THE Federal Competition and Consumer Protection Commission (FCCPC) has warned operators in the downstream petroleum sector against exploiting consumers by failing to reflect the sharp decline in global crude oil prices at retail filling stations.
News Point Nigeria reports that the Executive Vice Chairman and Chief Executive Officer of the Commission, Tunji Bello, expressed concern that ongoing surveillance of the downstream petroleum market had revealed only marginal reductions in gantry prices by local refiners, marketers, depot operators, and retail outlet operators despite the significant drop in global crude oil prices.
According to a statement issued by the FCCPC spokesman, Ondaje Ijagwu, Bello stressed that although the commission does not regulate or approve petroleum prices in Nigeria’s deregulated downstream market, it would not hesitate to investigate and sanction operators found engaging in anti-competitive, deceptive, or exploitative practices in violation of the Federal Competition and Consumer Protection Act (FCCPA), 2018.
“To be clear, the Commission does not regulate or approve petroleum prices in a deregulated downstream market.
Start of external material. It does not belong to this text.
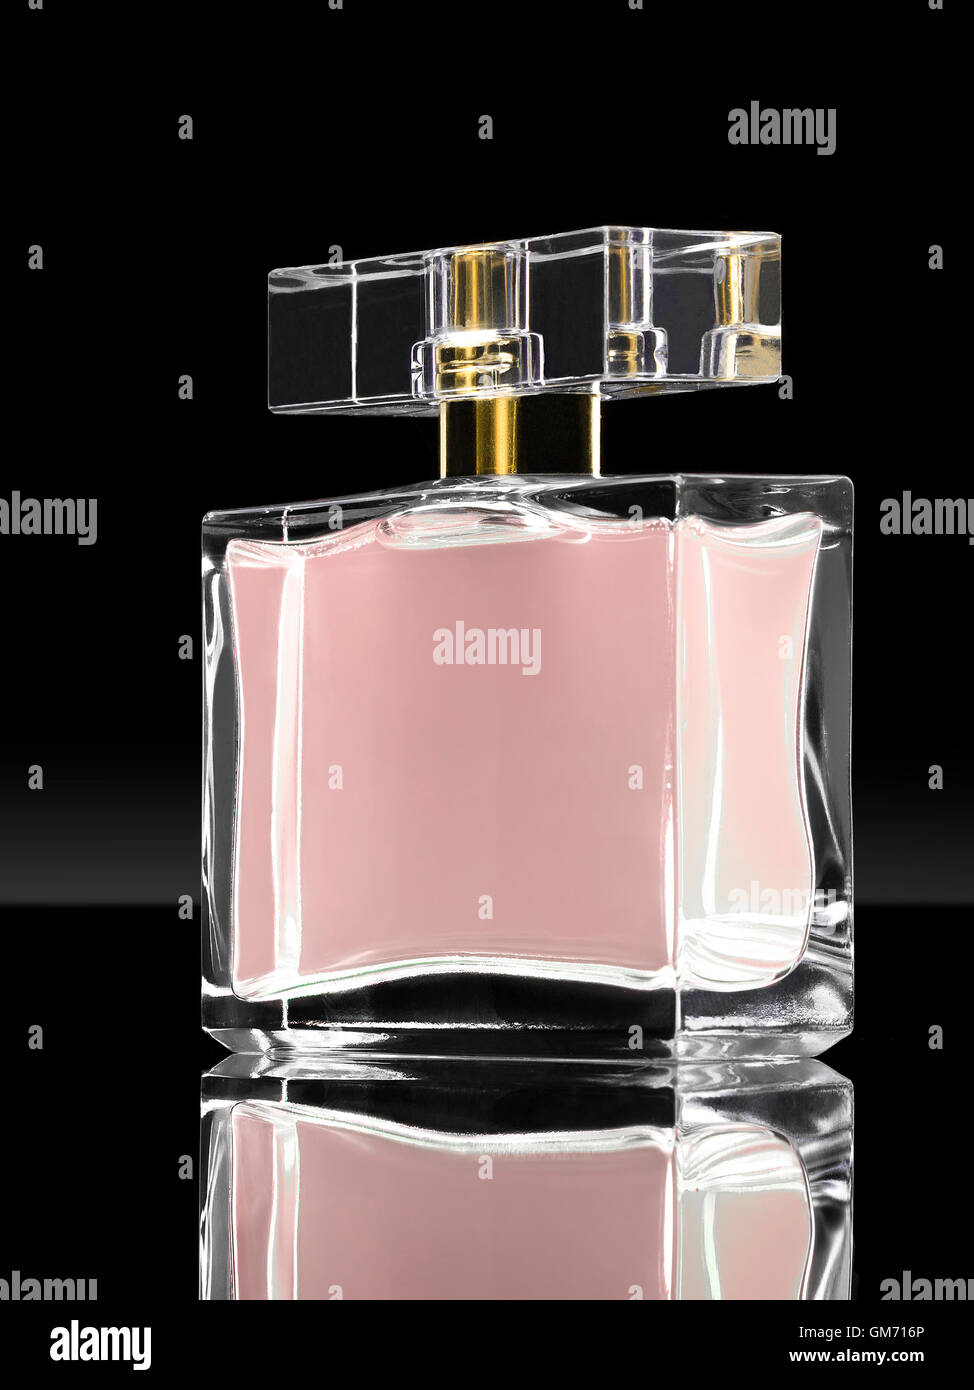 Immagine scura di cosmetici fragranze in cristal contenitore Foto Stock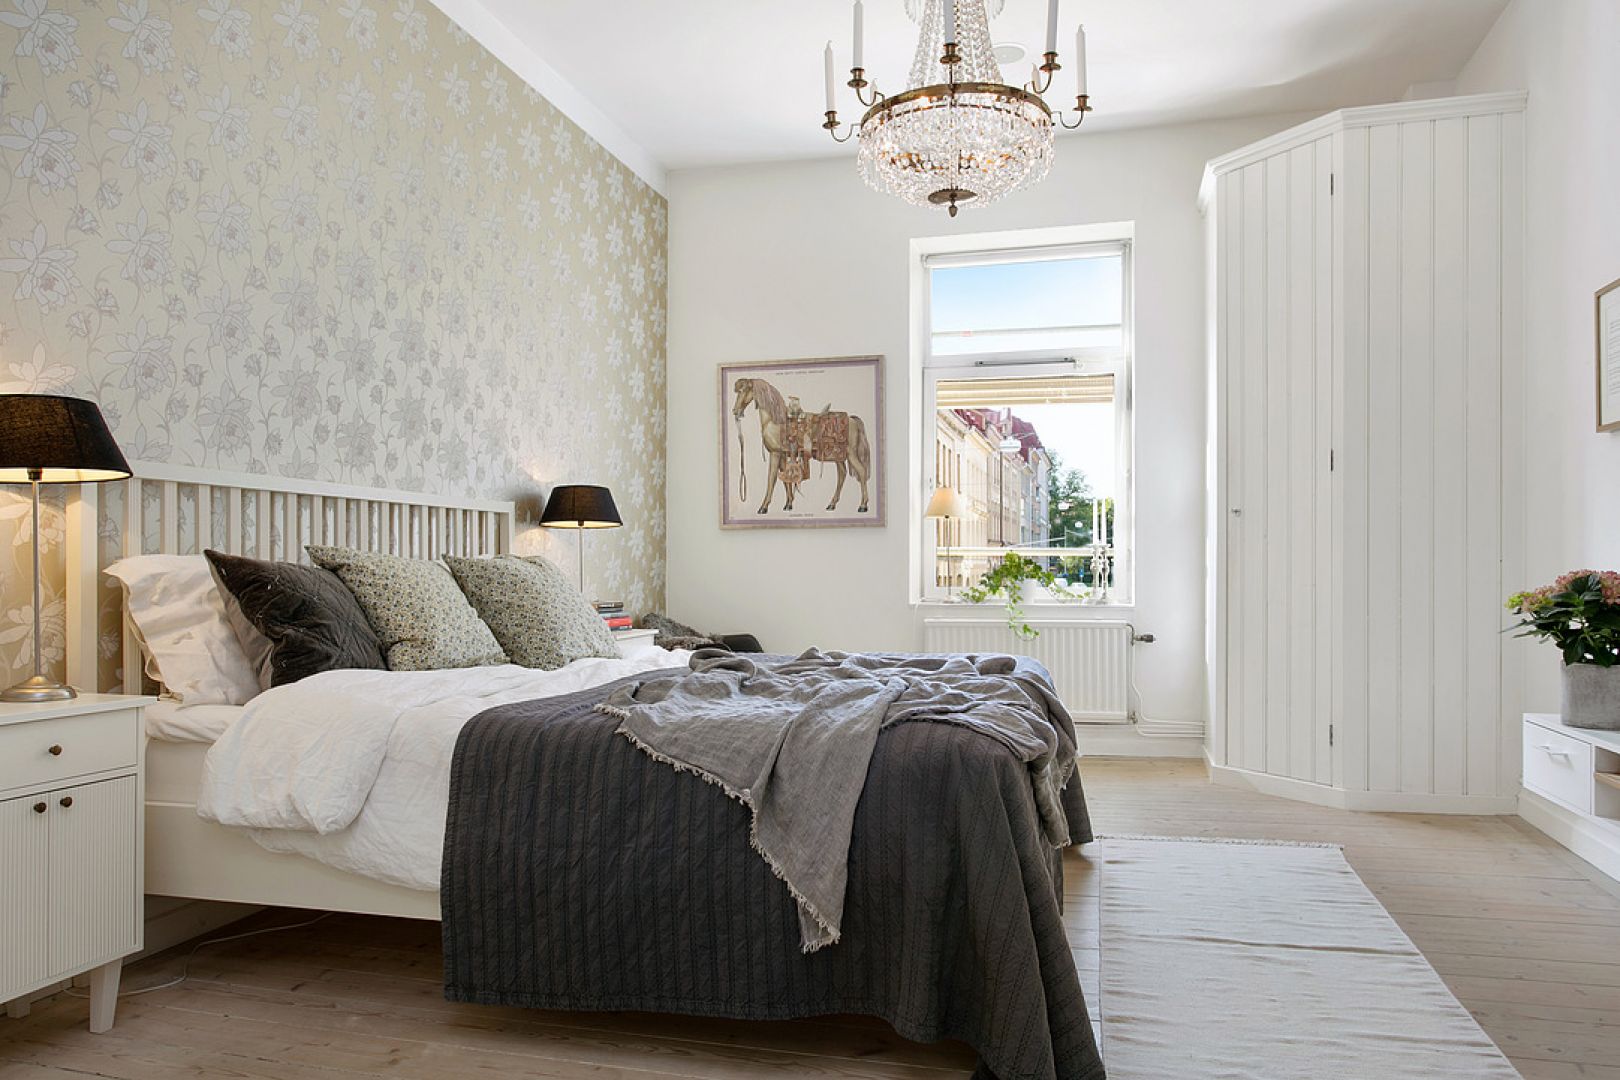 Ściana za łóżkiem to niezwykle ważny detal w skandynawskiej sypialni. Można ją wykończyć ciekawą tapetą, dzięki czemu białe wnętrze nabierze charakteru. Fot. Alvem Makleri

Our responsibility under the Federal Competition and Consumer Protection Act, 2018, is to promote competitive markets, prevent anti-competitive conduct, and protect consumers from unfair, deceptive, and exploitative business practices,” Bello said.
“We are concerned that while dealers often respond swiftly by hiking pump prices whenever crude prices rise, it is curious that it is taking forever for consumers to benefit significantly when crude prices fall. Competitive markets must work fairly in both directions,” he added.
According to the FCCPC boss, international crude oil prices have dropped sharply to about $73 per barrel following the ceasefire agreement between the United States and Iran and the reopening of the Strait of Hormuz, compared with a peak of about $120 per barrel recorded in April at the height of tensions in the Gulf.
The commission noted that crude oil prices have effectively returned to their February levels, yet the decline has not been matched by a commensurate reduction in domestic fuel prices.
It recalled that the earlier surge in crude prices prompted local refiners and marketers to rapidly increase pump prices, with petrol selling for between N1,350 and N1,500 per litre, while diesel rose to about N2,000 per litre as geopolitical tensions escalated between April and May.
By comparison, Premium Motor Spirit (PMS) sold for between N800 and N900 per litre in February.
However, despite the reversal in global crude prices, the FCCPC observed that petrol currently sells at an average of about N1,200 per litre nationwide, while some local refiners have fixed gantry prices between N1,025 and N1,075 per litre.
As of the time of filing this report, global crude oil benchmark Brent crude futures traded at $72.44 per barrel, down from over $100 recorded before the conflict.
While acknowledging that domestic fuel prices are influenced by several commercial variables, including refining costs, foreign exchange movements, logistics, financing, and distribution expenses, Bello maintained that competitive market forces should have enabled consumers to benefit more quickly from lower input costs.
He stressed that market liberalisation does not absolve businesses of their responsibility to compete fairly or deny consumers the right to fair pricing.
“Market liberalisation does not diminish businesses’ obligations to compete fairly or consumers’ right to fair treatment.
“Where credible evidence indicates conduct that undermines competition, exploits consumers, or otherwise contravenes the Federal Competition and Consumer Protection Act, the Commission will investigate and take appropriate enforcement action,” Bello stated.
He urged consumers to report suspected anti-competitive conduct, misleading pricing practices, and other forms of unfair market behaviour through the commission’s established complaint channels.
Bello assured Nigerians that every credible complaint submitted to the commission would receive appropriate attention.